I am creating a Linked List implementation and I cannot fix this error of having to double call node.val.val to print the data instead of the memory address.

Here is my implementation:

class LinkedNode:
    def __init__(self, val, nxt=None):
        self.val = val
        self.nxt = nxt

class LinkedList:
    def __init__(self, head=None):
        self.head = head

    def append(self, new_val):
        node = LinkedNode(new_val, None)
        if self.head:
            curr = self.head
            while curr.nxt:
                curr = curr.nxt
            curr.nxt = node
        else:
            self.head = node

    def print(self):
        curr = self.head
        while curr:
            **print(curr.val)**
            curr = curr.nxt


l1 = LinkedList()
l1.append(LinkedNode(2))
l1.append(LinkedNode(3))
l1.append(LinkedNode(4))
l1.print()

When the line in the print function is "print(curr.val)", the function prints memory addresses. When the line is "print(curr.val.val)", the function prints 2,3,4.

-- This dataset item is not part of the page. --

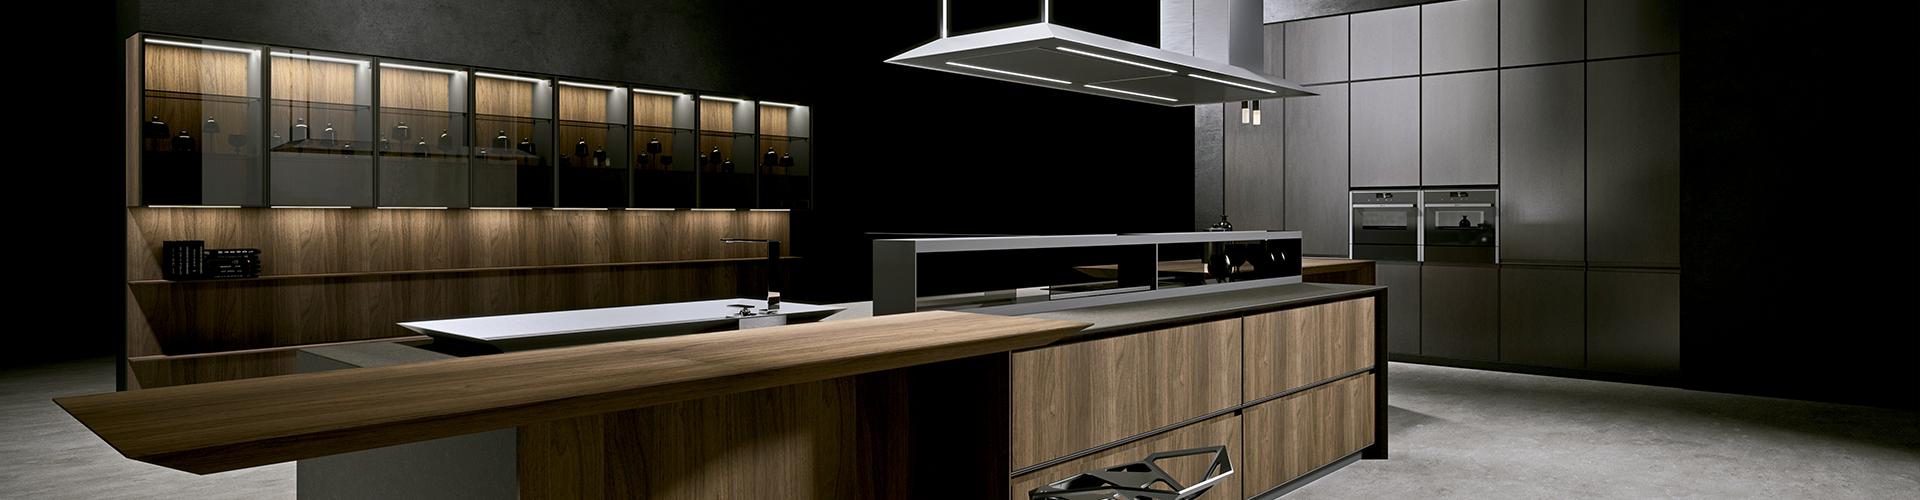 Cocina de alta gama con garant a de calidad cocinas costasol for Cocinas integrales de alta gama

Does anyone have a possible solution?

CodePudding user response:

You were passing a LinkedNode() object as an argument to .append() function:

class LinkedNode:
    def __init__(self, value, nxt=None):
        self.val = value
        self.nxt = nxt

class LinkedList:
    def __init__(self, head=None):
        self.head = head

    def append(self, new_val):
        node = LinkedNode(new_val, None) #Creation of LinkedNode from integer
        if self.head:
            curr = self.head
            while curr.nxt:
                curr = curr.nxt
            curr.nxt = node
        else:
            self.head = node

    def print(self):
        curr = self.head
        while curr:
            print(curr.val)
            curr = curr.nxt


l1 = LinkedList()
l1.append(2) #Argument must be integer, not LinkedNode(integer)
l1.append(3) #Because you are already converting integer to LinkedNode on append function
l1.append(4)
l1.print()

Output:

2
3
4

CodePudding user response:

Because in these lines you are creating LinkedNode objects not values!

l1.append(LinkedNode(2))
l1.append(LinkedNode(3))
l1.append(LinkedNode(4))

After that, you created a new LinkedNode(LinkedNode(2), None) within the scope of the append function.

Change it to:

l1.append(2)
l1.append(3)
l1.append(4)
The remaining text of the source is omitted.